Est-ce qu’Israël a un partenaire pour la paix ?
Nous avons un partenaire. Mais nous devons décider : voulons-nous un partenaire pour la paix ou un partenaire pour la guerre ? Je parle d’Abu Mazen [le président de l’Autorité palestiniennes Mahmoud Abbas]. Il parle de paix, il s’exprime contre le terrorisme. Il ne parle pas le langage sioniste, mais je n’attends pas ça de lui. Il a 15 000 personnes dans ses forces de police et ils se battent en fait contre le terrorisme.
Pensez-vous qu’Israël n’en a pas fait assez pour profitez de ce partenaire pour la paix ?
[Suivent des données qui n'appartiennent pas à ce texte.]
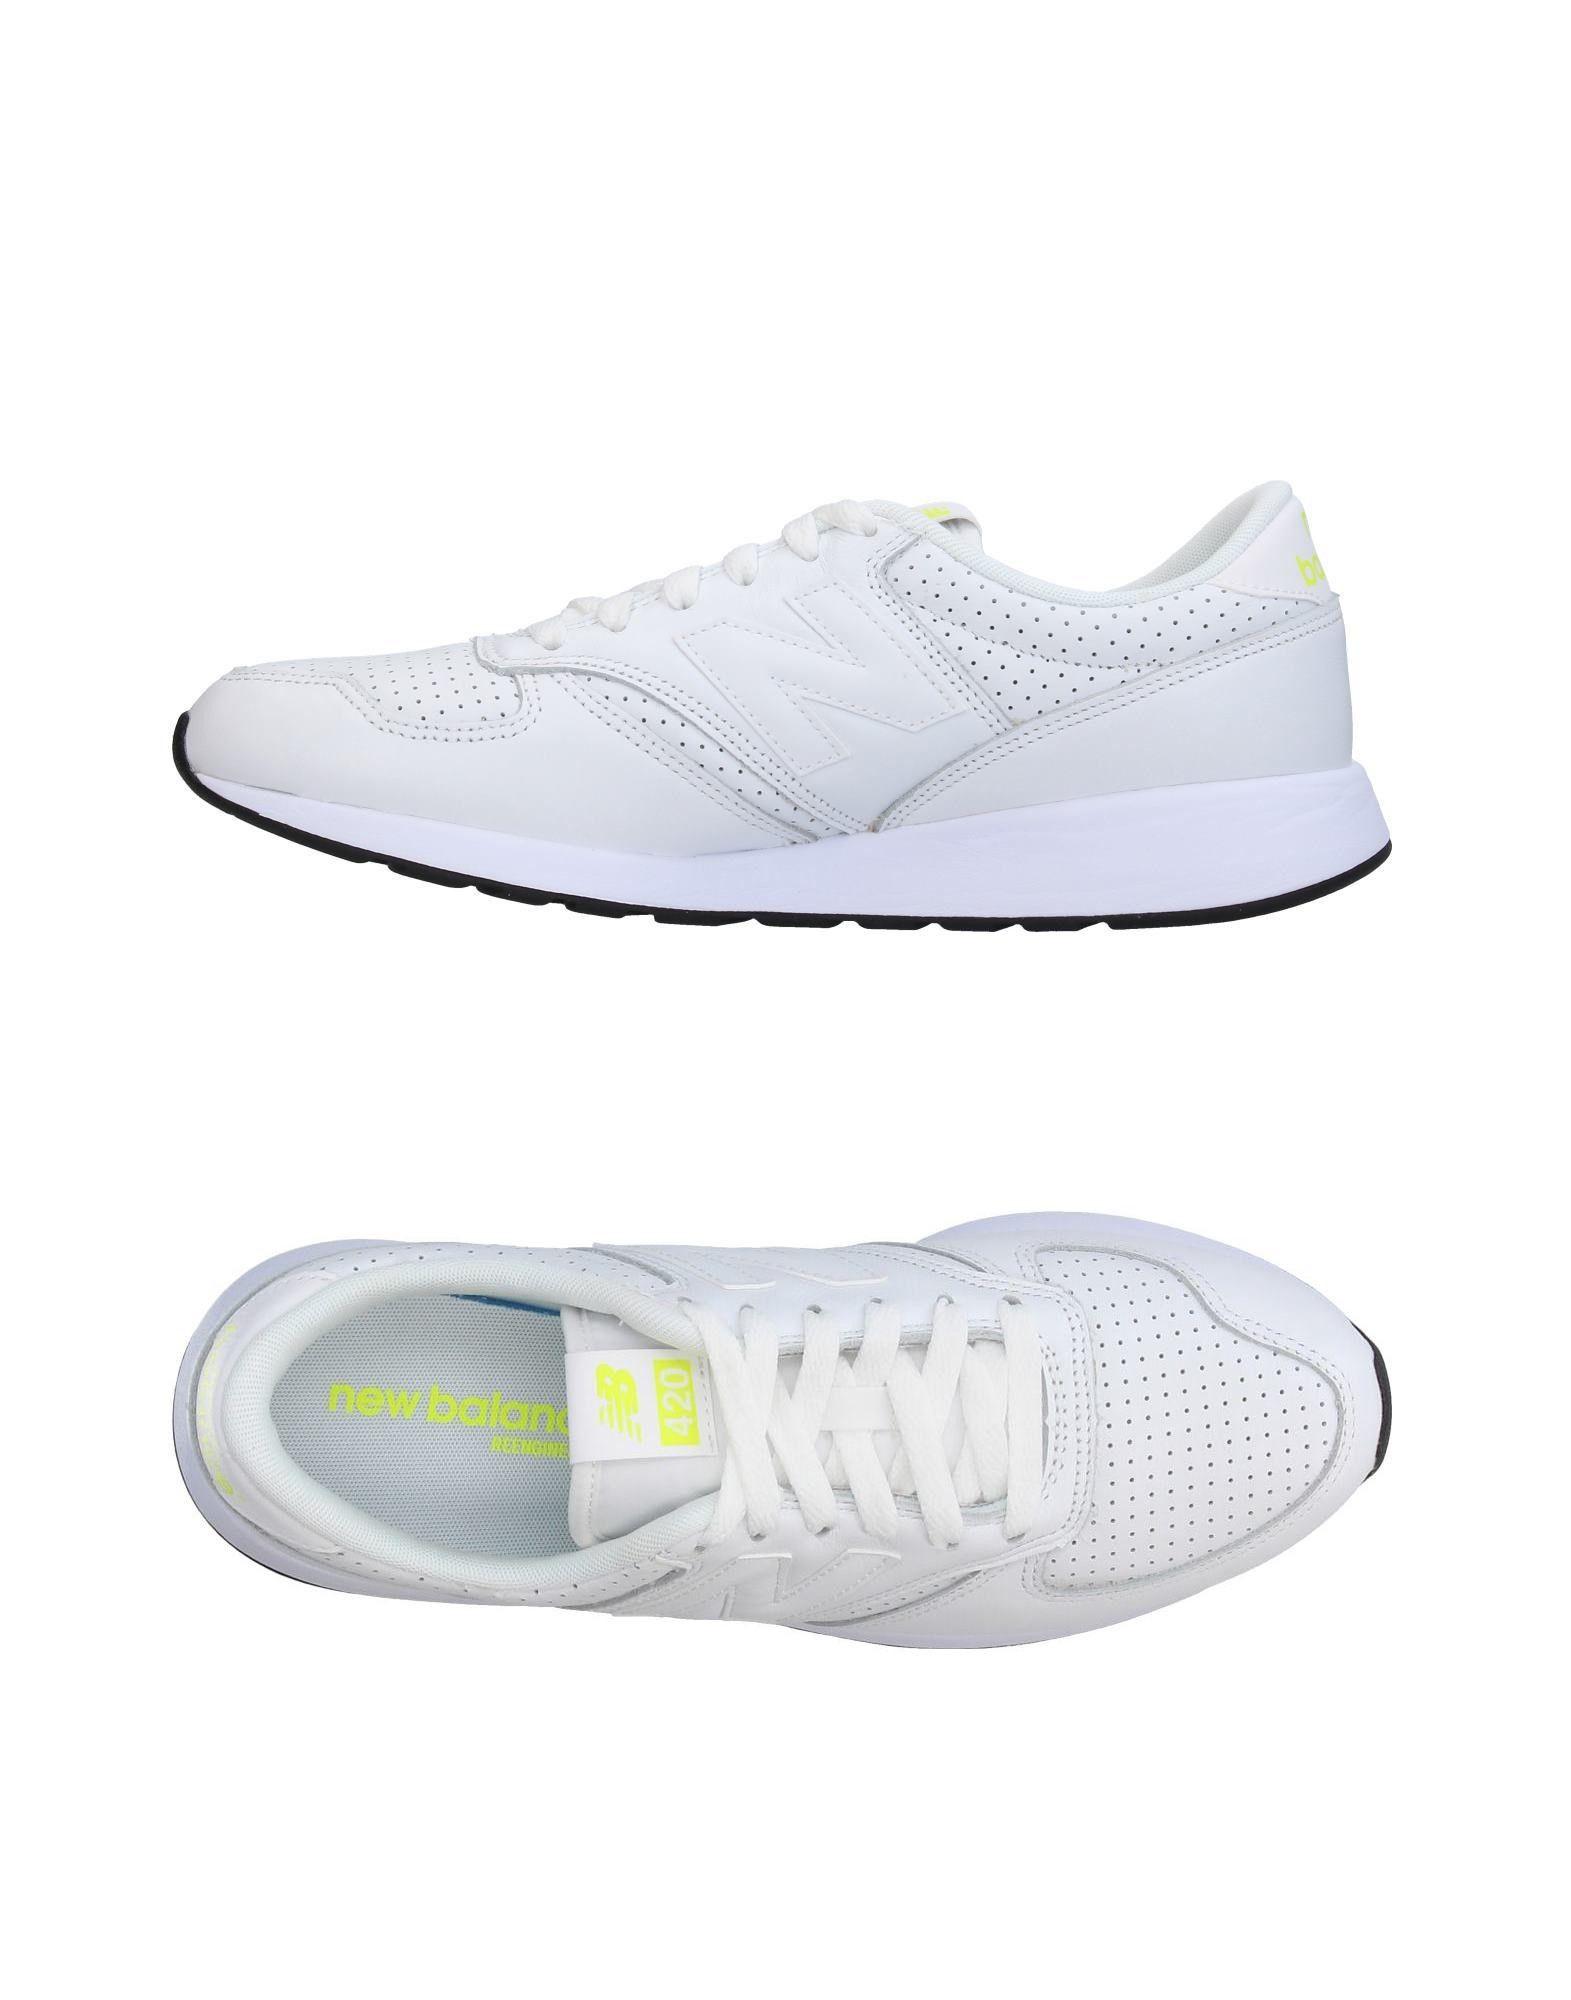 Sneakers New Balance Uomo - 11388271PB 11388271PB - 282788

Je ne vais pas chercher qui blâmer. Cela ne m’intéresse pas. Je suis plus intéressé à chercher qui moraliser pour la paix. Je sais que la paix est dure à obtenir. Je parle d’expérience. Les gens viennent me voir et disent : « Vous avez raison, nous devons faire la paix. Vous avez raison, nous devons en payer le prix. » Mais, ils disent : « Pourquoi payons-nous tant ? Pourquoi êtes-vous si naïf, à leur faire tant confiance ? »
Il y a deux choses dans la vie pour lesquelles, si vous voulez vraiment les réussir, vous devez un peu fermer les yeux, et c’est la paix et l’amour.
Avec les yeux grand ouverts, je ne suis pas certain que quiconque tombe amoureux, et je ne suis pas certain que quiconque fasse la paix. Mais quand vous comparez ce qui est le mieux, vivre en paix et vivre amoureux, même si ce n’est pas parfait, est de loin le bon choix.
Que pensez-vous que l’augmentation des attaques par des Arabes israéliens dise d’Israël aujourd’hui ?
Ils ont les mêmes droits. Il n’y a pas d’apartheid en Israël. Mais ils se sentent discriminés parce que le niveau de vie des Israéliens est plus élevé que le niveau de vie des Arabes. Ce que nous devons faire est d’améliorer leur niveau de vie. Je pense que nous pouvons le faire et que nous devons le faire, et c’est ce que nous faisons dans notre centre.
Israël était autrefois un sujet clairement bipartisan et fédérateur aux Etats-Unis, mais il y a des indices aujourd’hui que les républicains vont plus probablement soutenir Israël quand ses intérêts divergent de ceux des Etats-Unis. Que peut-il être fait pour changer cela ?
Je pense que nous devons nous en tenir à un soutien bipartisan. Nous ne devrions pas prendre position dans les affaires américaines internes.
Nous devons apprécier que l’amitié américaine pour Israël soit bipartisane, donc nous ne pouvons pas nous impliquer dans la politique américaine, comme les Américains font attention à ne pas s’impliquer dans la politique israélienne.
Ces propos ont été recueillis le 12 janvier 2016.